Today, there is a flock of ‘cloud’ providers. Their services fall into three primary service models: Infrastructure as a Service (IaaS), Platform as a Service (PaaS), and Software as a Service (SaaS). Since we will be discussing infrastructure, we will focus on IaaS and PaaS. Leaders in this space include Google Cloud Platform, RedHat, Oracle Cloud, Pivotal Cloud Foundry, CenturyLink Cloud, Apprenda, IBM SmartCloud Enterprise, and Heroku, to mention just a few.

Finally, fast forward to June 2016, O’Reilly releases Infrastructure as Code
Managing Servers in the Cloud
, by Kief Morris, ThoughtWorks. This crucial work bridges many of the concepts first introduced in Humble and Farley’s Continuous Delivery, with the evolving processes and practices to support cloud computing.

cd_image_03

This post examines how to apply the principles found in the Continuous Delivery Maturity Model, an analysis tool detailed in Humble and Farley’s Continuous Delivery, and discussed herein, to the best practices found in Morris’ Infrastructure as Code.

Infrastructure as Code

Before we continue, we need a shared understanding of infrastructure as code. Below are four examples of infrastructure as code, as Wikipedia defined them, ‘machine-processable, declarative, definition files.’ The code was written using four popular tools, including HashiCorp Packer, Docker, AWS CloudFormation, and HashiCorp Terraform. Executing the code provisions virtualized cloud infrastructure.

HashiCorp Packer

Packer definition of an AWS EBS-backed AMI, based on Ubuntu.

{
  "variables": {
    "aws_access_key": "",
    "aws_secret_key": ""
  },
  "builders": [{
    "type": "amazon-ebs",
    "access_key": "{{user `aws_access_key`}}",
    "secret_key": "{{user `aws_secret_key`}}",
    "region": "us-east-1",
    "source_ami": "ami-fce3c696",
    "instance_type": "t2.micro",
    "ssh_username": "ubuntu",
    "ami_name": "packer-example {{timestamp}}"
  }]
}

Docker

Dockerfile, used to create a Docker image, and subsequently a Docker container, running MongoDB.

FROM ubuntu:16.04
MAINTAINER Docker
RUN apt-key adv --keyserver hkp://keyserver.ubuntu.com:80 --recv EA312927
RUN echo "deb http://repo.mongodb.org/apt/ubuntu" \
$(cat /etc/lsb-release | grep DISTRIB_CODENAME | cut -d= -f2)/mongodb-org/3.2 multiverse" | \
tee /etc/apt/sources.list.d/mongodb-org-3.2.list
RUN apt-get update && apt-get install -y mongodb-org
RUN mkdir -p /data/db
EXPOSE 27017
ENTRYPOINT ["/usr/bin/mongod"]

AWS CloudFormation

AWS CloudFormation declaration for three services enabled on a running instance.

services:
  sysvinit:
    nginx:
      enabled: "true"
      ensureRunning: "true"
      files:
        - "/etc/nginx/nginx.conf"
      sources:
        - "/var/www/html"
    php-fastcgi:
      enabled: "true"
      ensureRunning: "true"
      packages:
        yum:
          - "php"
          - "spawn-fcgi"
    sendmail:
      enabled: "false"
      ensureRunning: "false"

HashiCorp Terraform

Terraform definition of an AWS m1.small EC2 instance, running NGINX on Ubuntu.

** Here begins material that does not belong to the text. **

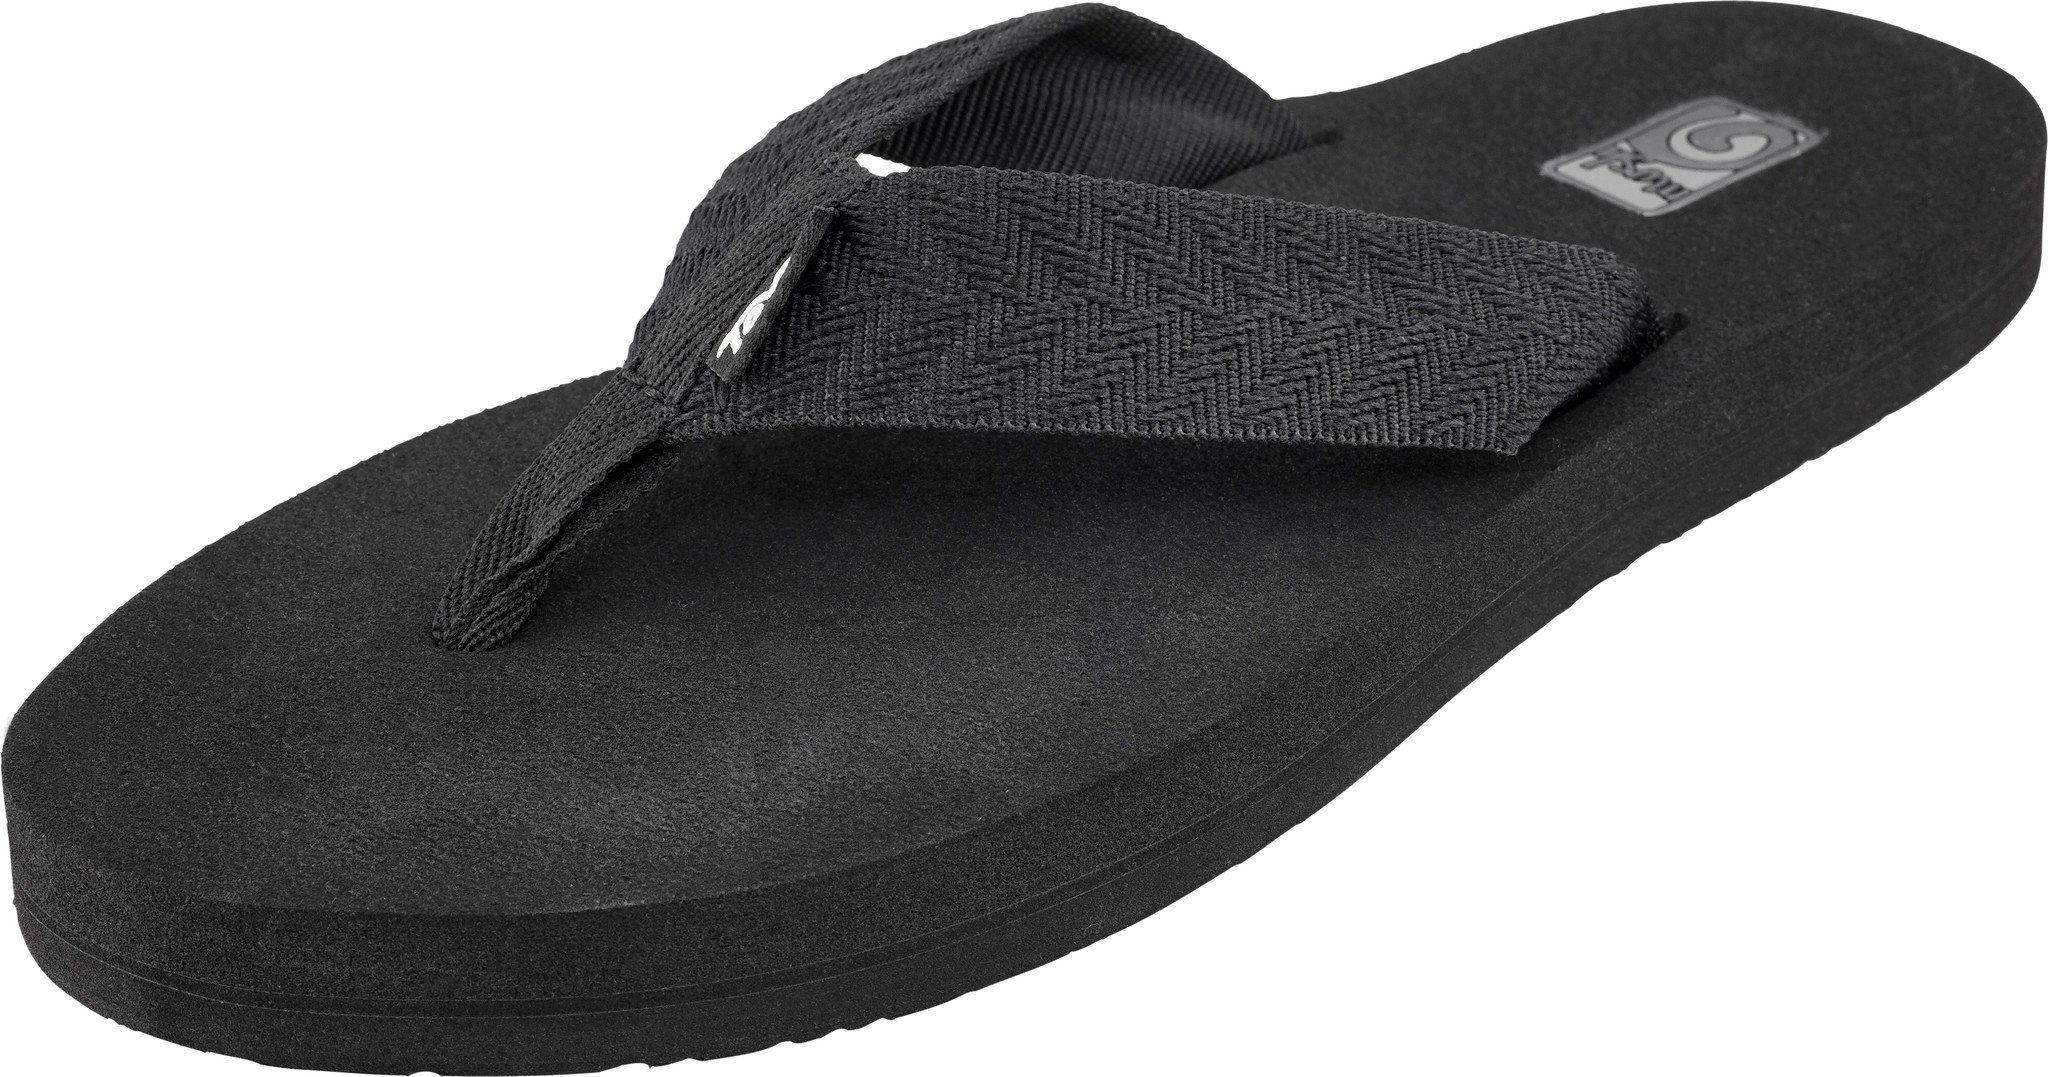 Teva Sandale »Mush 2 Sandals Women Fronds Black«
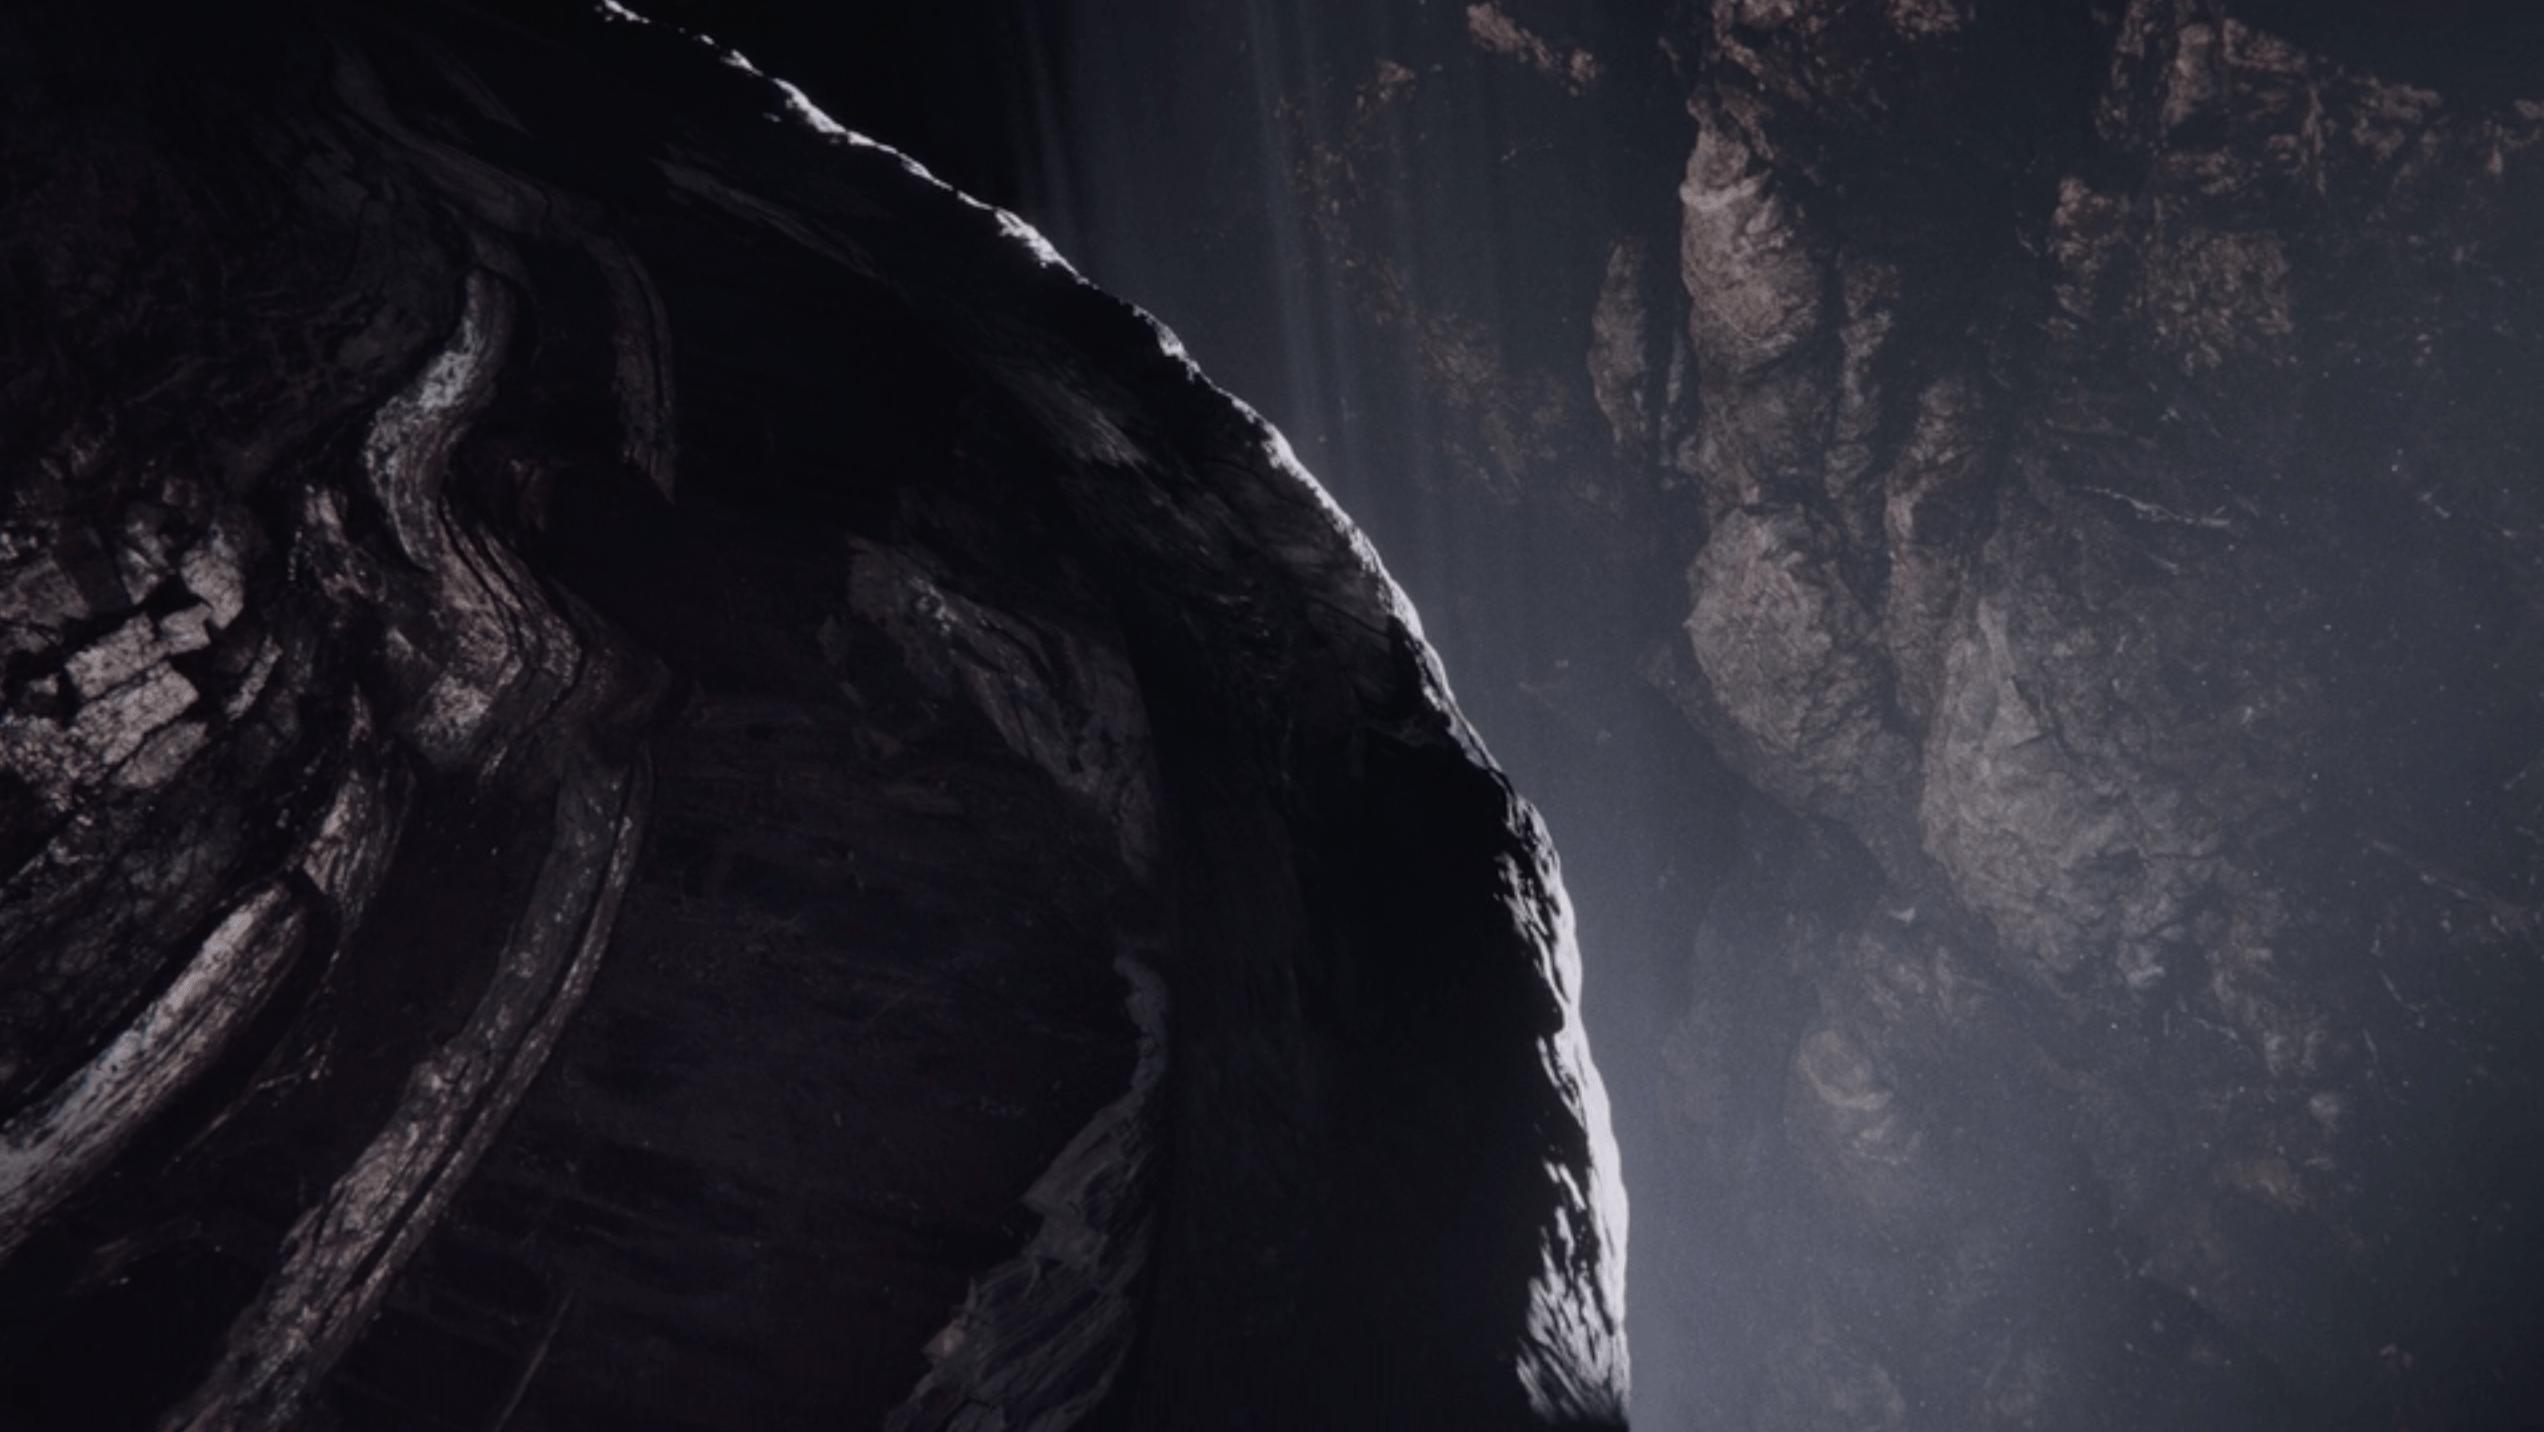 VFX dark cliffs revealing light

resource "aws_instance" "web" {
  connection { user = "ubuntu" }
instance_type = "m1.small"
Ami = "${lookup(var.aws_amis, var.aws_region)}"
Key_name = "${aws_key_pair.auth.id}"
vpc_security_group_ids = ["${aws_security_group.default.id}"]
Subnet_id = "${aws_subnet.default.id}"
provisioner "remote-exec" {
  inline = [
    "sudo apt-get -y update",
    "sudo apt-get -y install nginx",
    "sudo service nginx start",
  ]
 }
}

Cloud-based Infrastructure as a Service

The previous examples provide but the narrowest of views into the potential breadth of infrastructure as code. Leading cloud providers, such as Amazon and Microsoft, offer hundreds of unique offerings, most of which may be defined and manipulated through code — infrastructure as code.

cd_image_05

cd_image_04

What Infrastructure as Code?

The question many ask is, what types of infrastructure can be defined as code? Although vendors and cloud providers have their unique names and descriptions, most infrastructure is divided into a few broad categories:

  • Compute
  • Databases, Caching, and Messaging
  • Storage, Backup, and Content Delivery
  • Networking
  • Security and Identity
  • Monitoring, Logging, and Analytics
  • Management Tooling

Continuous Delivery Maturity Model

We also need a common understanding of the Continuous Delivery Maturity Model. According to Humble and Farley, the Continuous Delivery Maturity Model was distilled as a model that ‘helps to identify where an organization stands in terms of the maturity of its processes and practices and defines a progression that an organization can work through to improve.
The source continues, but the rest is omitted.